Virtually en bloc, Dalglish's players turned defiantly deaf ears as they rushed through the media interview area outside the main entrance. Only John Barnes was prepared to unseal his lips and answer a question.

"Obviously, we're very disappointed," Newcastle's stand-in captain said revealingly, without breaking stride.

It was left to Dalglish to do the talking, at the obligatory post-match press conference for the two managers. Asked if his team lacked focus up front, he said: "You've got to give credit to the lads who played. They gave everything for the cause."

It was the same in Bilbao three years ago when Newcastle's Uefa Cup "adventure," as Kevin Keegan called it, came to grief with Steve Watson, the then England Under 21 right-back, pressed into service as an emergency stand-in for Andy Cole at centre-forward. And it was the same when Newcastle's Uefa Cup challenge petered out last season, with Robert Lee obliged to lead the attack against Monaco at St James'.

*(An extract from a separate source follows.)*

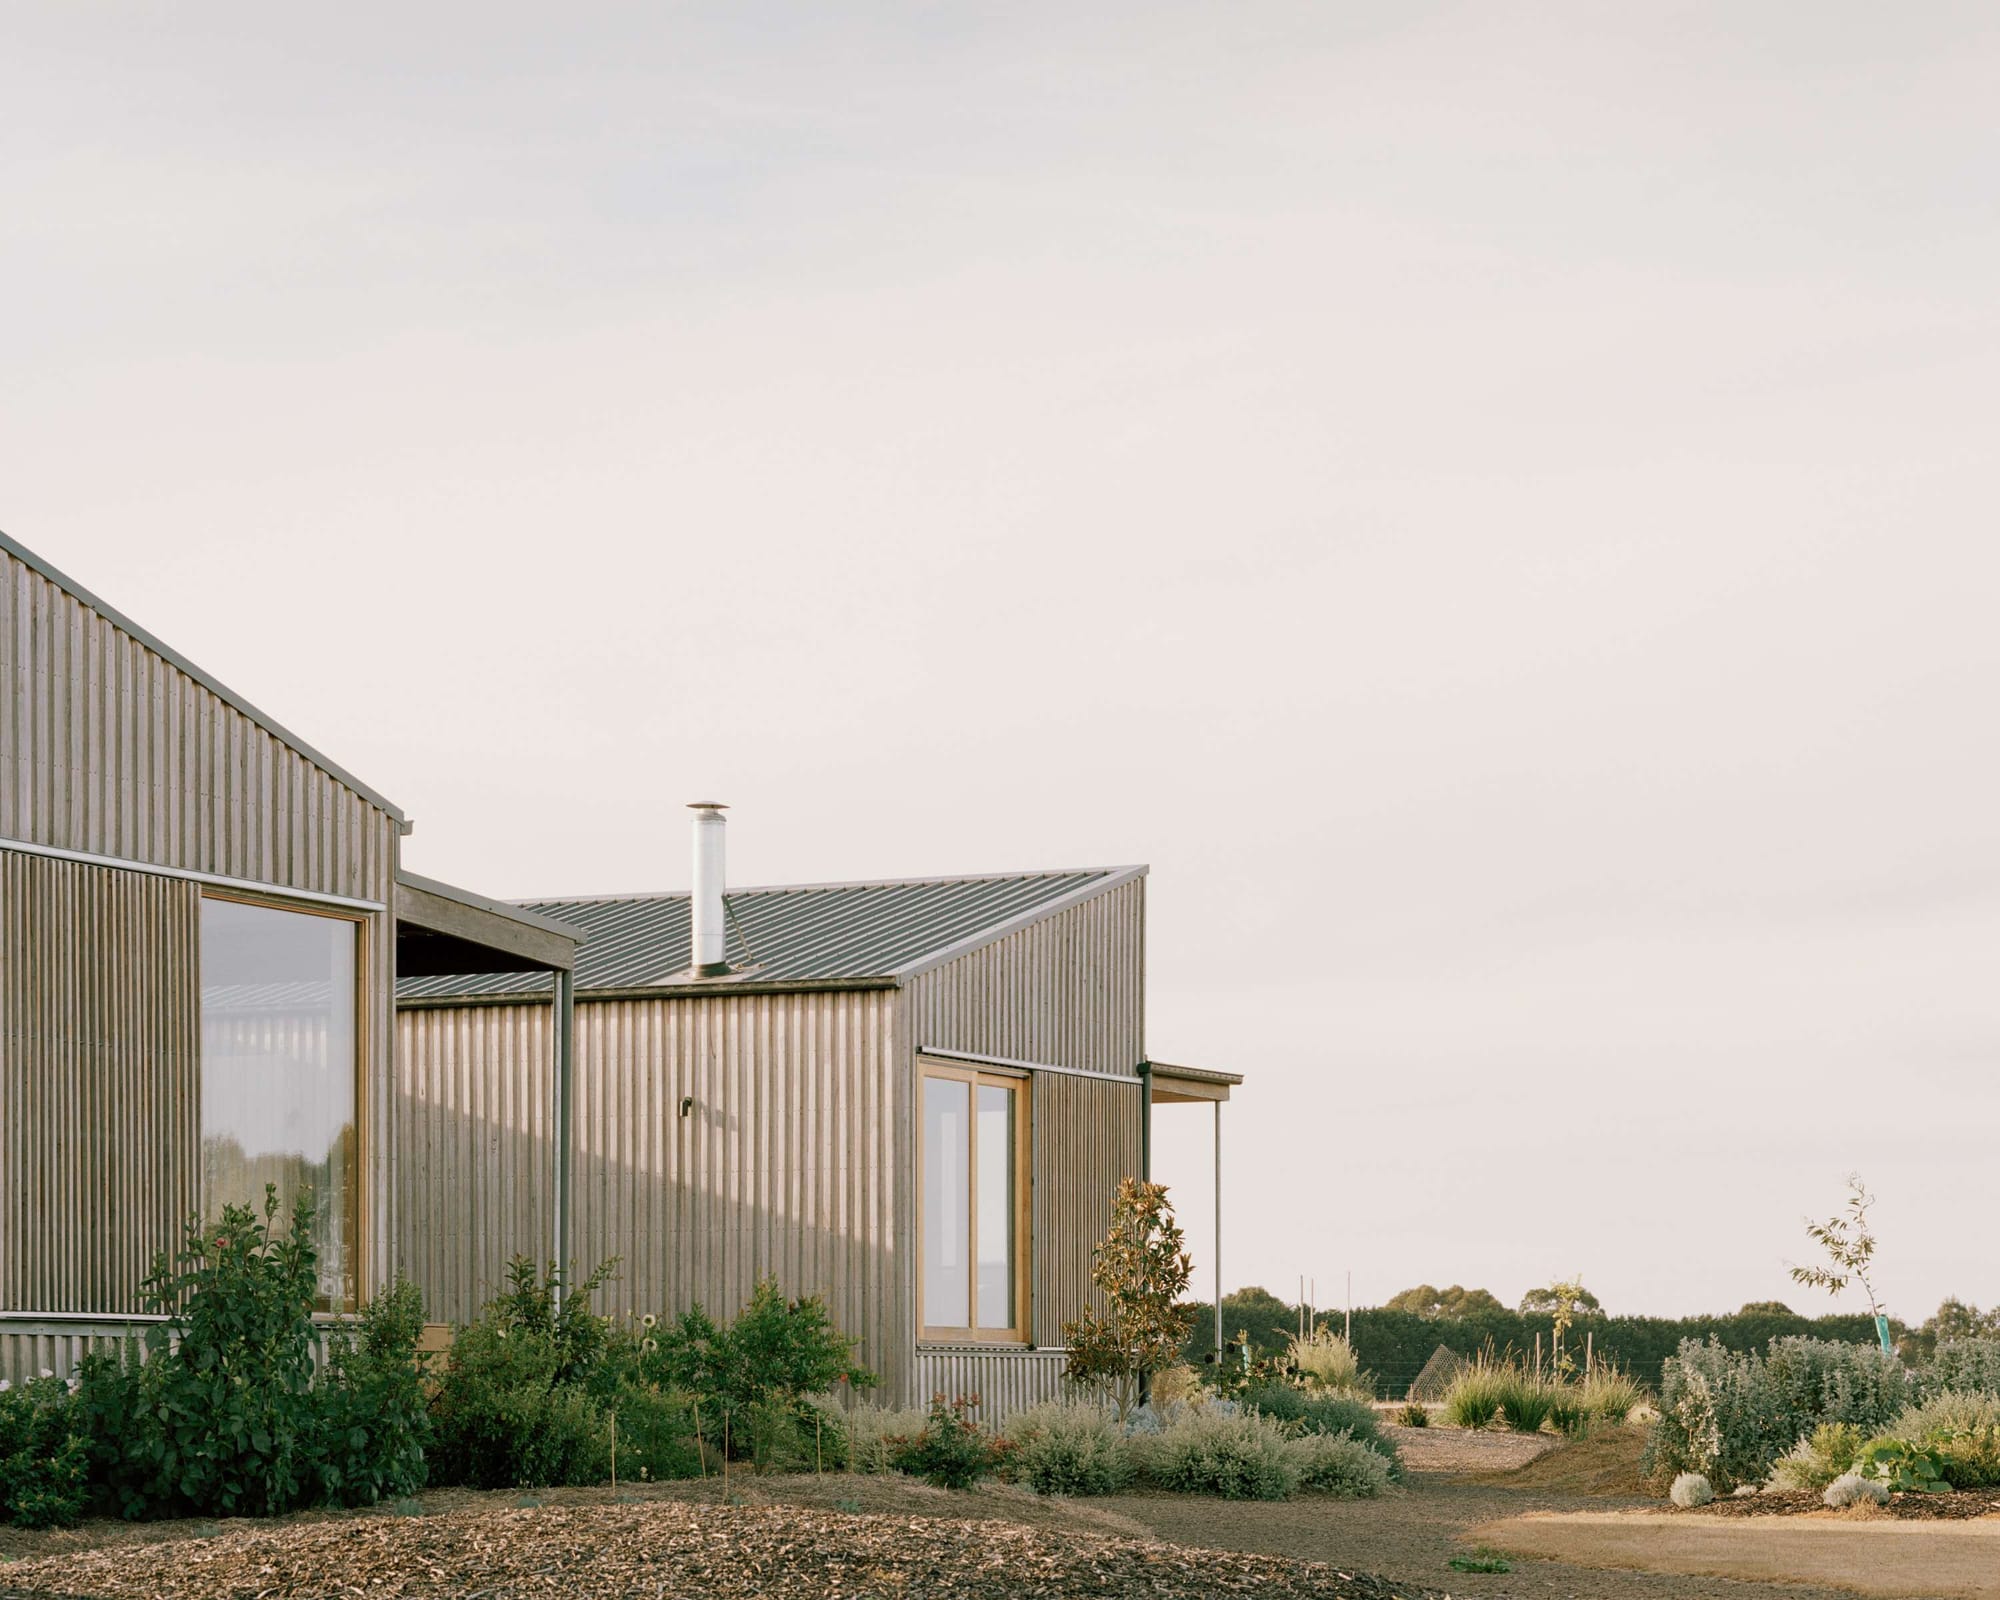 Heather's Off-Grid House by Gardiner Architects. Photography by Rory Gardiner. Facade of timber clad farmhouse surrounded by dry and barren paddock with scattered garden beds and native plants.

Three times in four seasons Newcastle have struck it unlucky with injury- stricken or suspended strikers in Europe. It did not help on Wednesday that they were also without the central midfield axis customarily provided by Lee and David Batty, but in the continuing absence of Faustino Asprilla and Alan Shearer they continued to look blunt at what ought to be their sharp end.

The players have sent the media to Coventry, in the metaphorical sense, because of what they perceive to have been unfair criticism in recent weeks. But on they themselves go to Coventry, in the physical sense, on Saturday with the Novocastrian natives becoming more that a little restless after a fifth match without a win.

Steve Wraith, who christened his fanzine Number Nine in honour of Newcastle's traditional centre-forward power, said: "The fans' patience is wearing thin. If we want to get back into the Champions' League next season we have to bring in a new striker now or we will have no chance of finishing first or second to qualify."

Asprilla, whose headed hat-trick launched Newcastle's Champions' League campaign with a memorable victory against Barcelona in September, is expected to be back in front-line action by the time the Toon Army visit the Nou Camp on 26 November. The Colombian might well soar to subliminal heights against the Catalans once again, but it already seems the Magpies and their European ambitions have been grounded for another season.